Заходящее солнце закатывалось в ее постели.
Робер де Монтескью
По ювелирной лавке Эфраима бен Закрии прокатился сдавленный негромкий смешок. Лихие гусарские усы Дениса Давыдова и молодого князя Багратиона вздыбились, демонстрируя неподдельный интерес к будущему визиту.
– Ой, я умоляю вас, тихо! Без ваших глупых шуточек! – видя реакцию моих спутников, взмолился торговец драгоценностями. – Не искушайте свою удачу – эта девица с легкостью отворачивается от всякого, на ком только что останавливала взор, уж поверьте мне, я знаю, что говорю.
– Все будет хорошо, эффенди, – заверил я, делая знак гусарам взять себя в руки.
– Хотел бы я знать, во что мне обойдется ваша уверенность, – вздохнул агент ломбардского банка. – Ладно, идем. И заклинаю, чем скромнее будете вы, тем живее останемся мы все.
Стража у Врат Наслаждений внимательным недоверчивым взглядом осмотрела странную процессию, направлявшуюся в старый дворец сераля[41], где, окруженная почетом и роскошью, обитала валиде-султан, мать возможного престолонаследника Османской Порты.

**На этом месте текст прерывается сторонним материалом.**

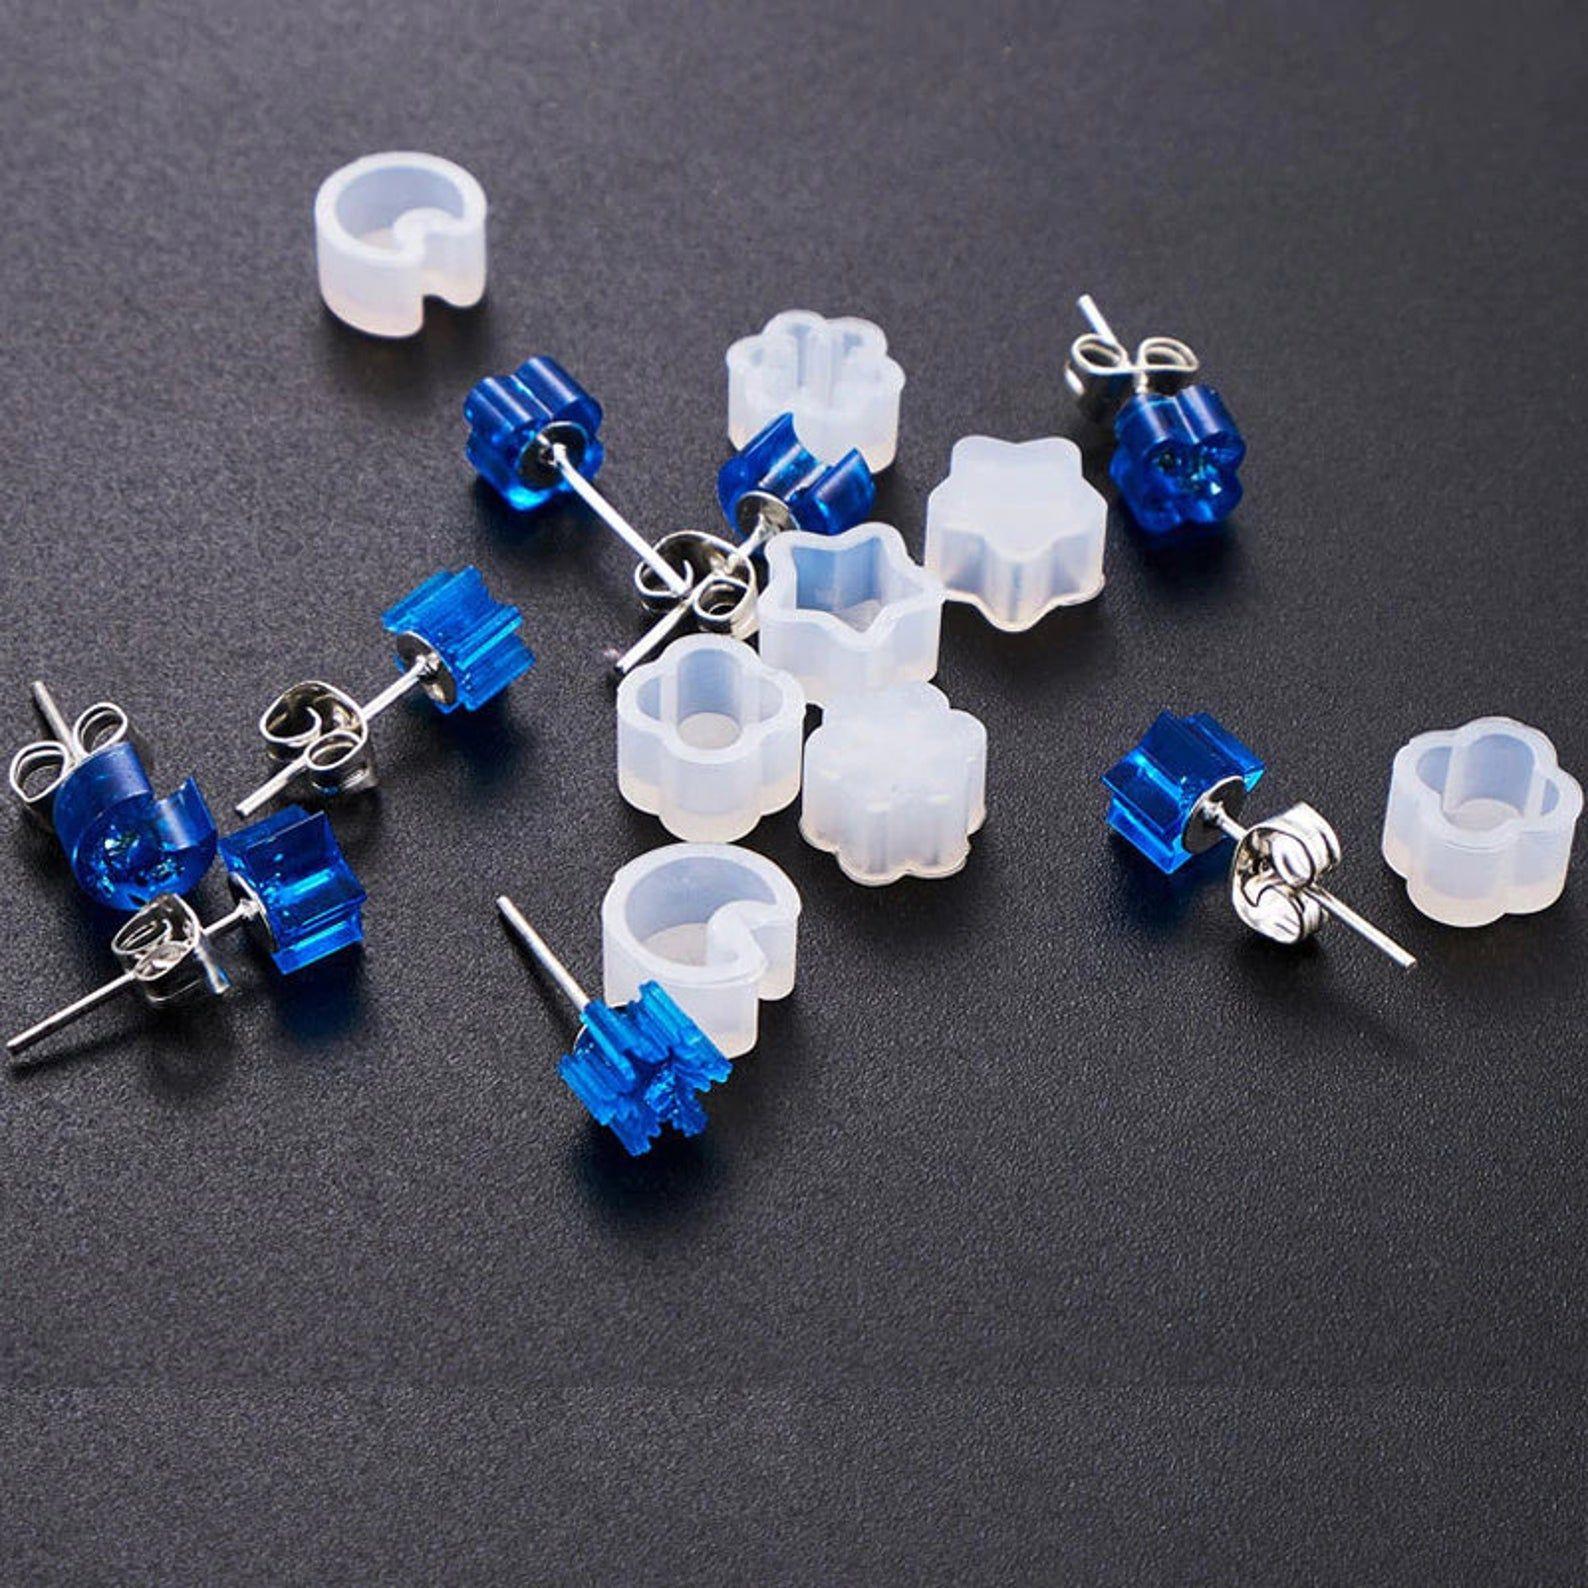 Snowflake Christmas Earrings Mold,Silicone Earring Silicone Mold Mold Supply Jewelry Mold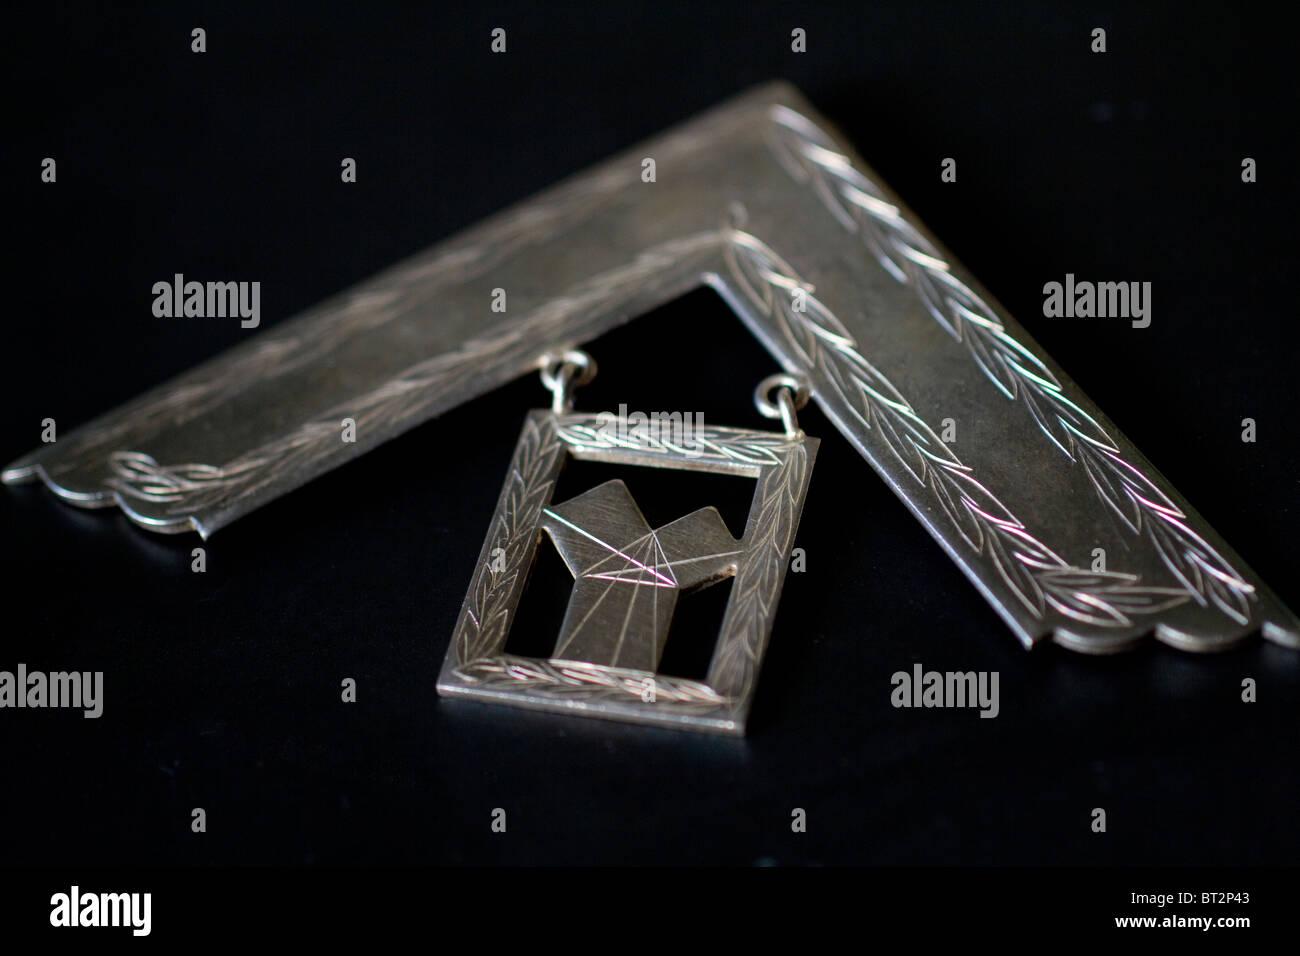 freemason, Masonic Past Master Medal right angled set square symbol. - Stock Image

– Славнейшая и возвышенная Накшидиль, да продлит Аллах дни ее и усладит ночи, пожелала видеть возлюбленных жен посланца Ибрахим-Паши, храбрейшего Ахмада Акбара ибн Батика. Кроме того, валиде-султан желает явить им свою воспетую поэтами щедрость. – С этими словами ювелир распахнул переметную суму, которую нес на плече, демонстрируя стражникам груду золота и драгоценностей, слепящую глаза подобно сокровищам Али-Бабы.
Начальник караула, не глядя, должно быть, по устоявшейся традиции, запустил в бесценную россыпь лопатообразную пятерню и, выхватив из нее все, что уместилось в кулаке, молча кивнул на открытую калитку в огромных воротах. Закутанные в покрывало «жены» гуськом проследовали за провожатым, скромно потупив взор, и лишь известный насмешник князь Багратион не удержался от кокетливого жеста своими тонкими белыми пальцами, вполне соперничающими по красоте с руками иной прелестницы.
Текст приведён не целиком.